海岸线上,由陆鹤鸣化作的百丈巨人,将我一口吞下!
岸边人潮汹涌,戴天晴也在场。
不远处,由魔虫化作的漆黑色巨人,冷眼旁观着一切。
或许,这就是我与末世争斗的结局……
“喂,我想尿尿。”
心中烦躁时,八尾妖狐一把掀开了遮光帘,两只狐媚眼几乎贴着鼻翼紧盯着我。
“边上待着去!”
我不耐烦的要将她推开,八尾妖狐的身体格外灵敏,嗖的就退到一旁。
八尾妖狐重复了一遍,“我要尿尿。”
“尽头左拐有卫生间。”
“我不去卫生间,我要去茅厕。”
八尾妖狐尝试着用手敲了敲飞机窗机,“或者打开窗,我尿下面也行。”
在山中封印近千年,八尾妖狐对外界了解得并不多,这趟飞机又是戴天晴特批来的,除了机长也没个空乘。
我无奈带着八尾妖狐来到卫生间,指了指马桶,“就尿那儿,等我出门再脱裤子。”
“好。”
没过多会儿,只听砰的一声巨响,飞机开始剧烈摇晃。
我心头生出不好的预感,急忙打开厕所门,看到被敲裂的窗户,以及刚提起裤子的八尾妖狐,我惊愕问:“你干什么!?”
“坐着我尿不出来,所以就尿窗外了。”
“尿窗外这么高难度的事情,你是怎么做到的!”
“还有,你顶着机舱压力能尿到外头,就不能老老实实坐在马桶上!?”
八尾妖狐嗖的窜到窗台前为我演示,“我先这样,再这样……”
“你给我滚下来!”
中年机长背着个包,从驾驶舱跑出,满头大汗的看着我,“李先生,我这里有两个消息要告诉您,一好一坏,您要听哪一个?”
“都可。”
“好消息就是,红树林区已经到了。”
“坏消息呢?”
“机舱气压出现严重问题,机翼和发动机严重损毁,已经没办法迫降,您自求多福吧。”
机舱门打开,机长背身一跃而下。
祸是八尾妖狐闯下的,飞机上没有配备降落伞,跳下去我不至于会死,却至少在床上躺半个月恢复!

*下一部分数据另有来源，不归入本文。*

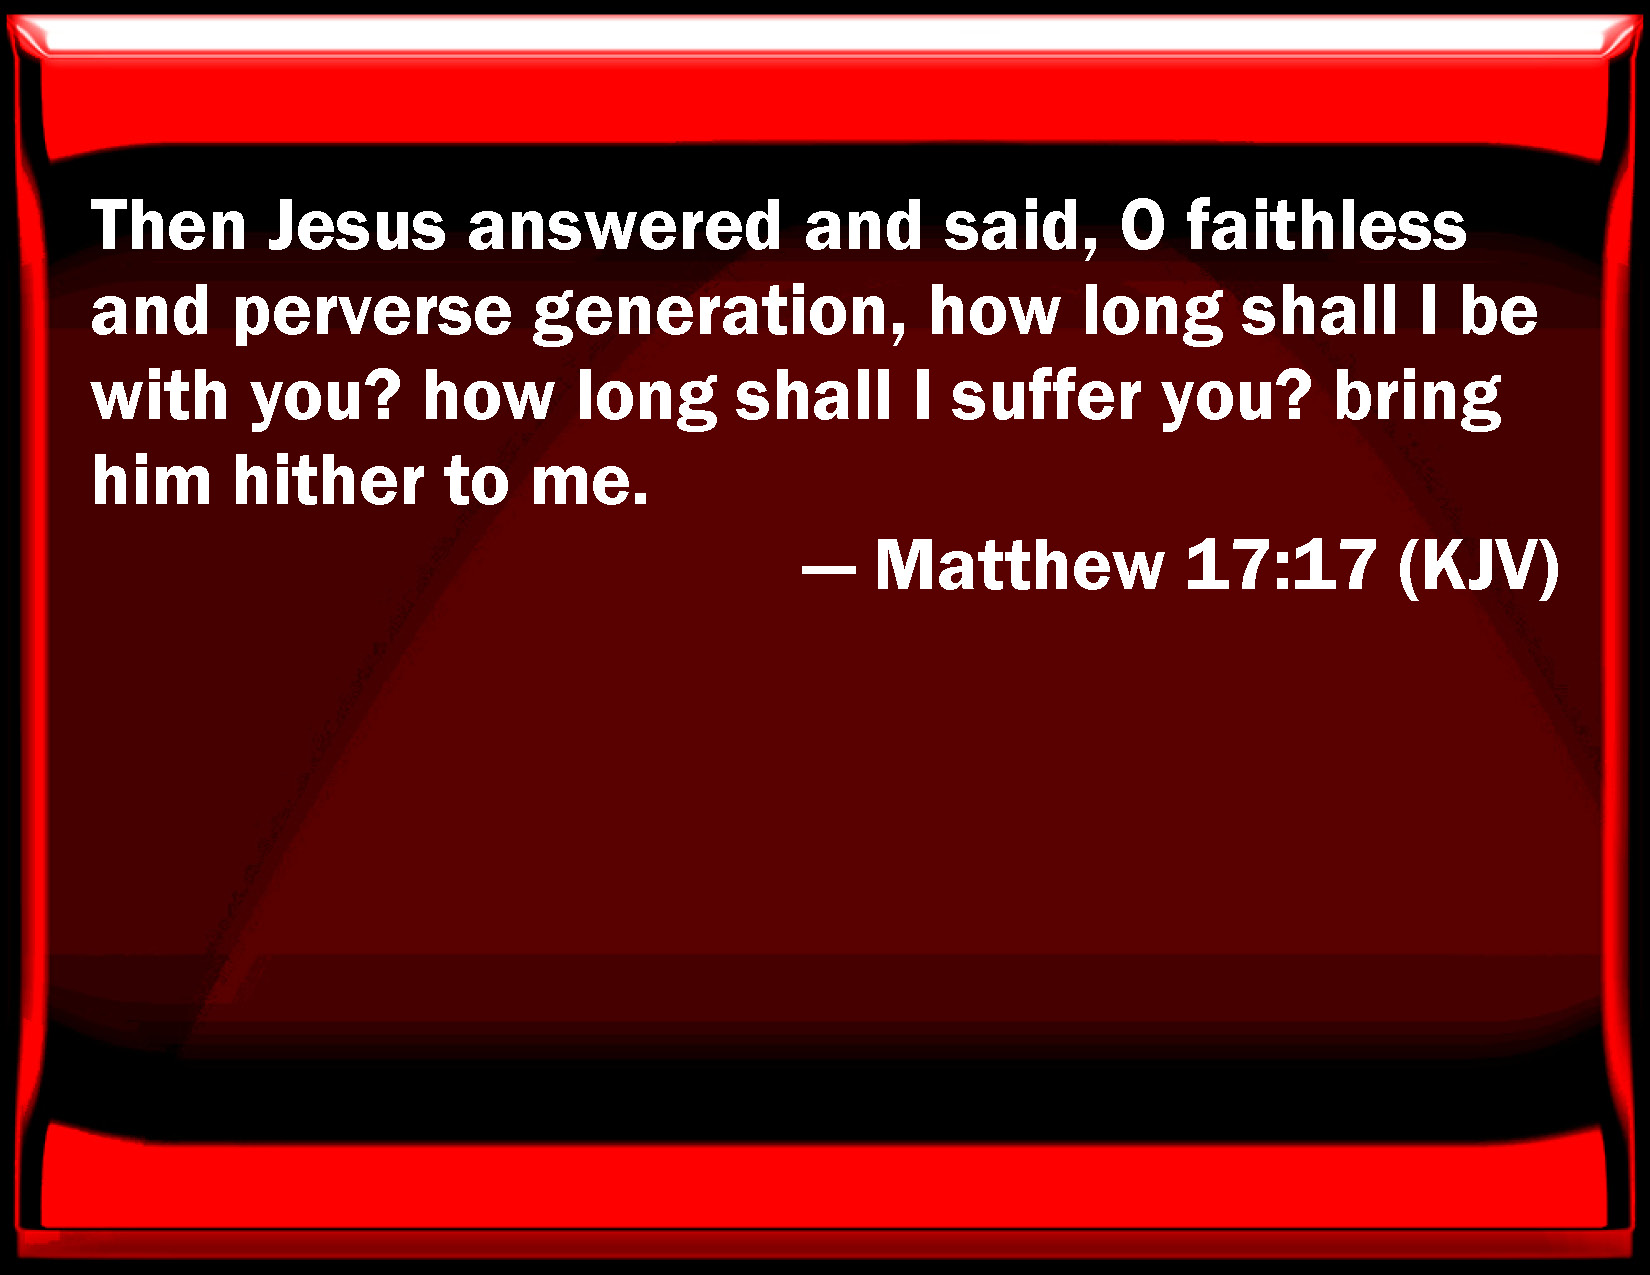 matthew-17-17-then-jesus-answered-and-said-o-faithless-and-perverse

墨如初察觉到动静,从飞尾货仓跑出,“大哥,出了啥事?”
我瞪了八尾妖狐一眼,急声问道:“你们两个仔细想想,有什么办法跳下去不至于摔死?”
“大哥,我的木架很轻的,再高点摔下去也没事。”
“我是让你想办法,怎样不让我摔死!”
“这……”
墨如初并不会飞,而八尾妖狐二话不说,抓着我的胳膊嗖的窜出窗外。
狂风烈烈,云层踏在脚下,头顶一轮圆月在天,透过云层缝隙,隐约可见沟壑纵横的黄土高原。
仰天长啸一声后,八尾妖狐的面庞变得尖锐,娇躯涨大化作一头通体雪白,生着八条毛茸茸长尾的灵狐。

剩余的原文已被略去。